Rather than taking on an expensive remodeling of the 100-year-old interior, Stagioni's owners, Cara DelSignore and chef Stephen Felder, have wisely chosen to dress up its original fine Victorian bones. Wood wainscoting is painted a woodsy shade of taupe. Above this, white walls showcase a few framed botanical specimens and rise to a high, stamped-tin ceiling. The space is tight but inviting and, depending on your outlook, either noisy or convivial, with the conversations of several tables ringing off all those hard surfaces. 

The menu is similarly understated but elegantly conceived. We dined on the final weekend of the fall menu, but the winter menu carries some items forward, and we can hardly wait to see what the kitchen will produce in the spring.

We began with an appetizer called, simply, the Trio: roasted eggplant, white bean spread and oven-dried tomato compote. The white beans were rustic in texture, savory and unabashedly garlicky in flavor, for an overall effect that was hearty but not heavy. The eggplant had been lightly cooked in large chunks, a presumed attempt to try to overcome this gourd's inherent sogginess. While this almost worked, we thought the result would have been better as an ingredient than as a stand-alone portion. The tomatoes were the most remarkable thing about this plate. Not so much a compote in the traditional sense as halved grape tomatoes, these were sweet and delicious in a bright olive-oil dressing that supported and maximized their flavor. At a point on the calendar almost directly opposite when tomatoes are at their freshest, this was a lovely treatment which effectively recalled the juicy fruits of summer.

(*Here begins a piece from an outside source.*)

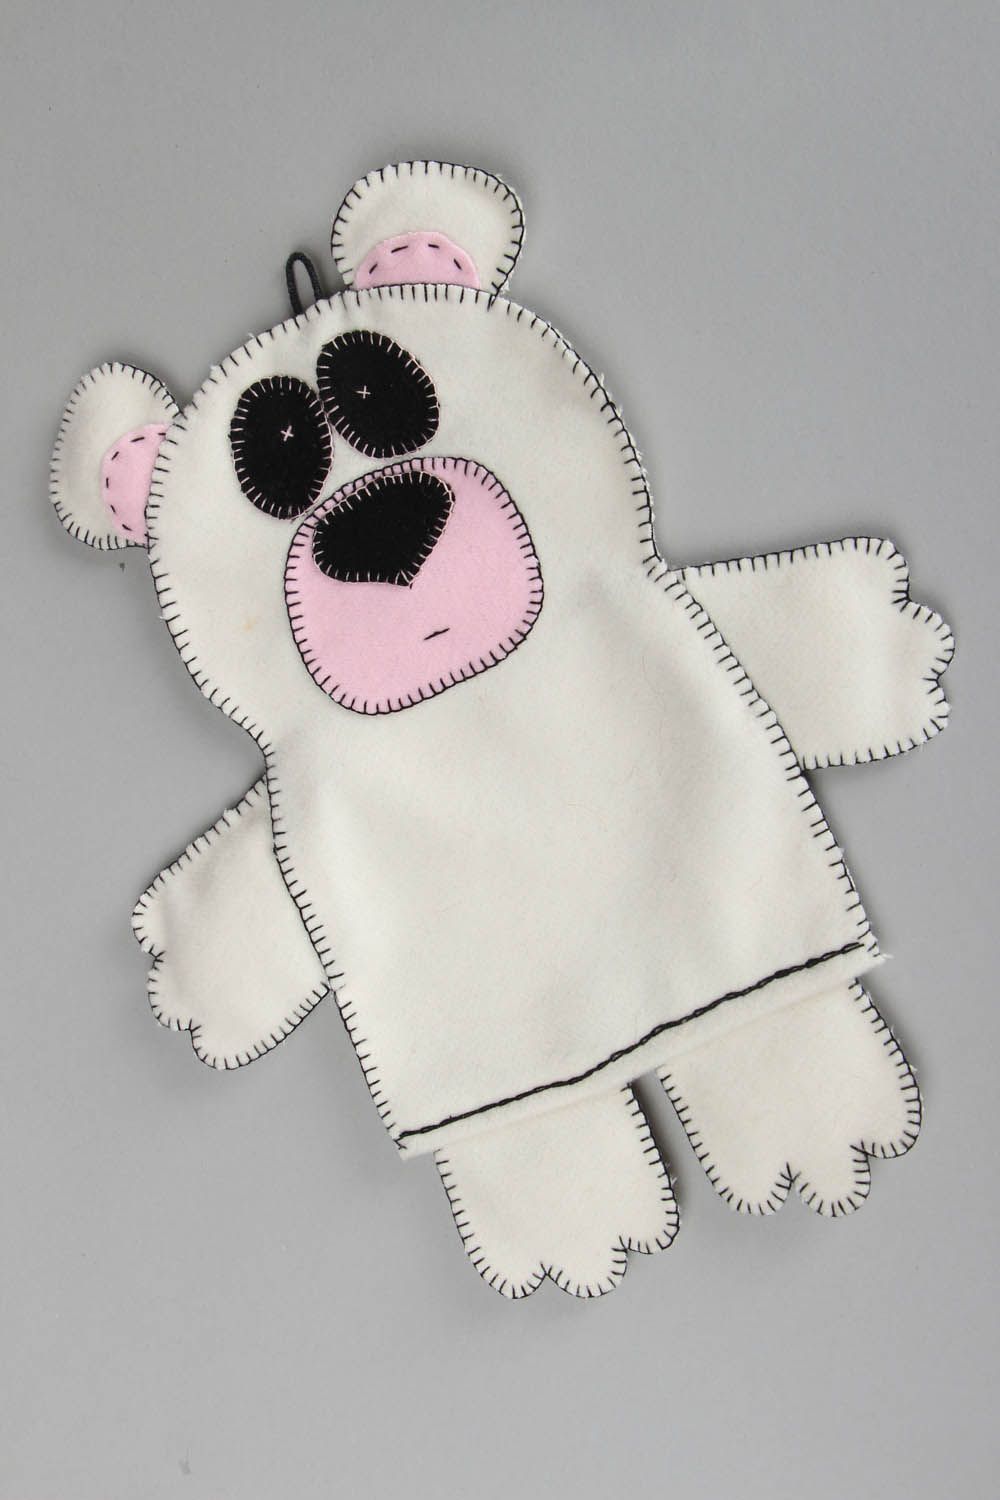 Oven glove in the shape of a bear photo 1

Jason found our other appetizer, the spiced fig tart, unctuous. But Angelique loved its dense, sticky sweetness paired with a generous hunk of tangy gorgonzola, paper-thin sheets of salty prosciutto and a rich, syrupy balsamic reduction.

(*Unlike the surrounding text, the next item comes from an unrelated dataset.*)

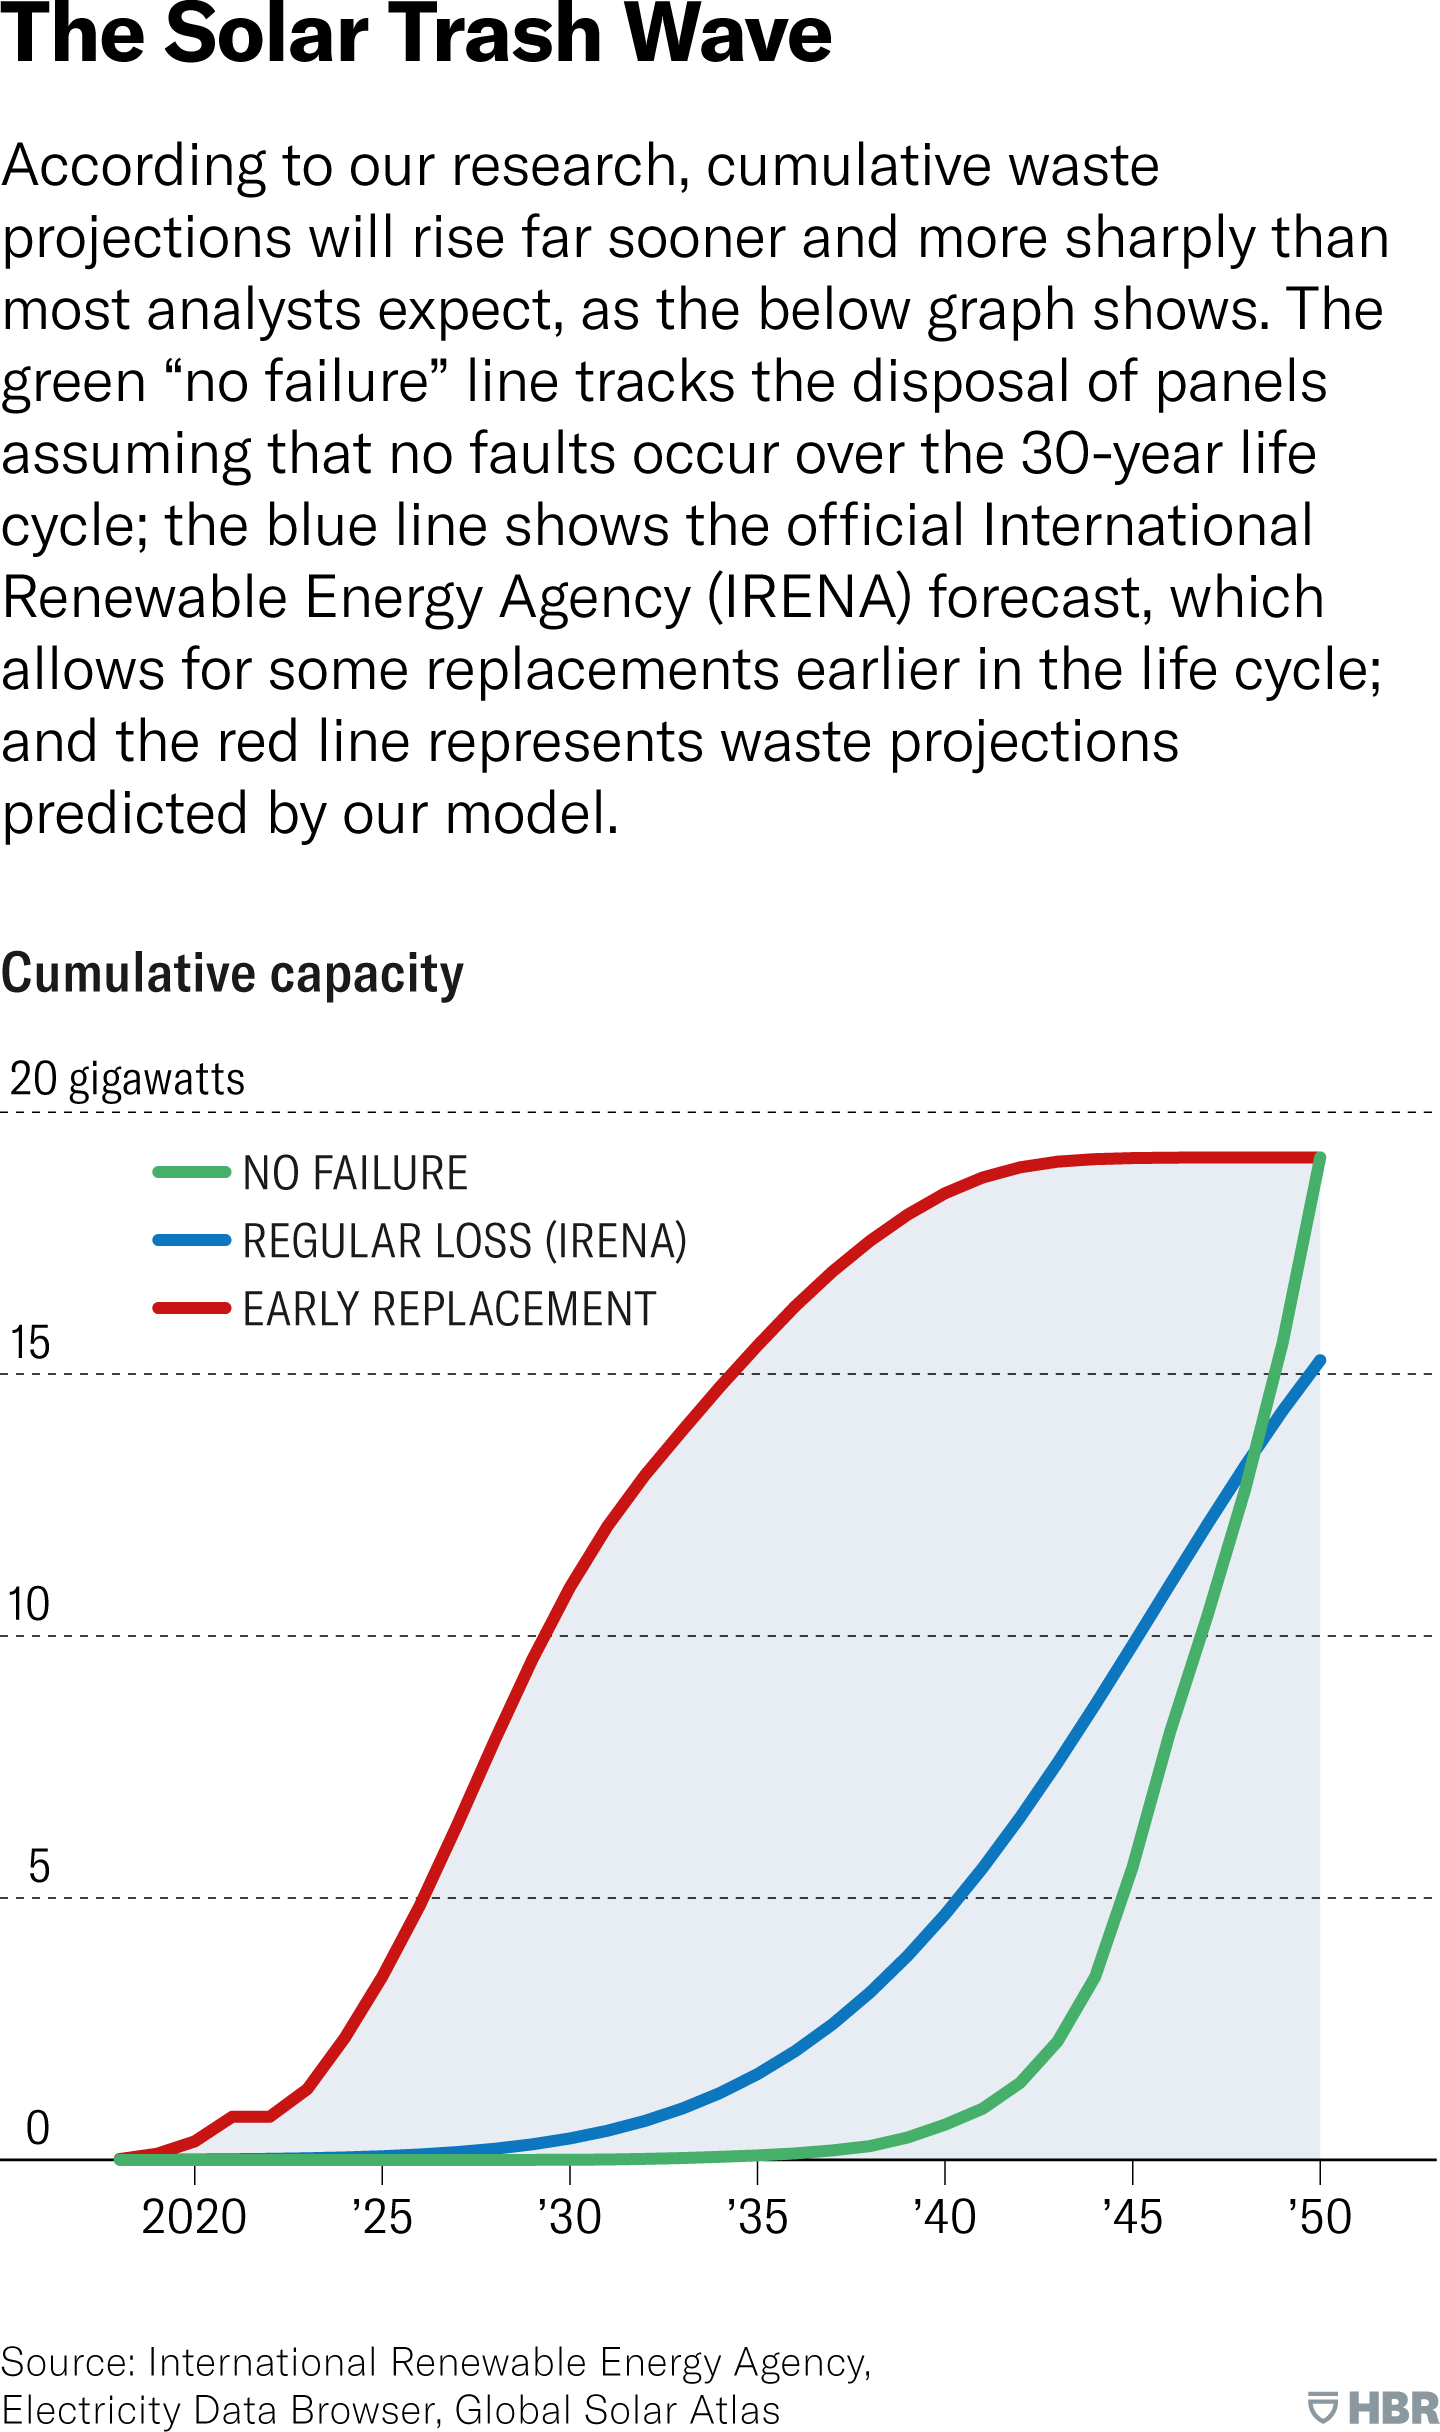 The Solar Trash Wave. According to our research, cumulative waste projections will rise far sooner and more sharply than most analysts expect. A line graph shows the cumulative capacity of solar panel waste from 2020 to 2050 in three different scenarios. Assuming that no faults occur over the 30-year life cycle of the equipment, waste does not begin to accumulate until around 2040 and then rises sharply to nearly 20 gigawatts by 2050. A second scenario shows the official forecast from the International Renewable Energy Agency, known as IRENA, which allows for some replacements earlier in the life cycle. In this case, solar panel waste begins to accumulate around 2030, rising steadily to about 15 gigawatts by 2050. A third scenario, which represents waste projections predicted by our model and is based on early replacement of solar panels, shows waste beginning to accumulate almost immediately, by 2023, and rising sharply to reach nearly 20 gigawatts by 2040. Source: International Renewable Energy Agency, Electricity Data Browser, Global Solar Atlas.

Of the four salads on the menu, we tried two, both of which were excellent. The Bibb salad was presented with the leaves clustered as if a small, whole head. The lettuce had a mild, sweet flavor, providing a sophisticated base for the assertive but well-balanced Dijon-caper vinaigrette. The mixed field-greens salad with roasted shallots, dried cranberries and blood-orange vinaigrette was a masterful combination of available winter produce, its flavor notes dancing nimbly between sweet and tart in every bite.

House-made fettuccine in pesto-cream sauce with shrimp and oven-dried tomatoes was perfectly cooked: With fresh pasta, al dente doesn't mean chewy, but rather offering the slightest resistance to the tooth. Though the sauce was luxuriously creamy, it was not heavy, so that the delicately briny taste of the shrimp and astringent sweetness of the tomatoes mingled beautifully with the herbal notes of the pesto.

Beef short ribs, braised in Chianti and balsamic vinegar, and served over puréed parsnips with a dollop of crème fraîche on top, was like a pot roast fit for a king. The meat arrived shredded in pieces just a bit bigger than fork-sized, which served to emphasize its rich beefy flavor and marvelously tender texture. The parsnips, with a bolder taste than the traditional mashed potatoes, held their own in the intensely flavored, velvety sauce, reminiscent of French-style beef burgundy.

Apple cider and Chardonnay-braised lamb delivered a successful combination of savory meat and oaky wine grounding the sweet cider, even as the latter brightened and enlivened the tender meat. Cipollini onion, caramelized at the edges, amplified the effect, while gnocchi -- here, more like large, fluffy dumplings than dense potato balls -- provided a vehicle for the sauce and a respite from the other, rich flavors.

A vegetarian dish, acorn squash risotto with walnuts, sage and chestnut honey, was as well prepared and fulfilling as all the heartier items we ordered. Here again was a masterful combination of flavors and textures -- sweet, earthy and herbal; tender, moist and crunchy -- that was unexpectedly, perfectly satisfying.

Stagioni has revolutionized a piece of Pittsburgh's Little Italy with its marriage of traditional Italian ingredients and modern, seasonal sensibilities. Welcome to Bloomfield!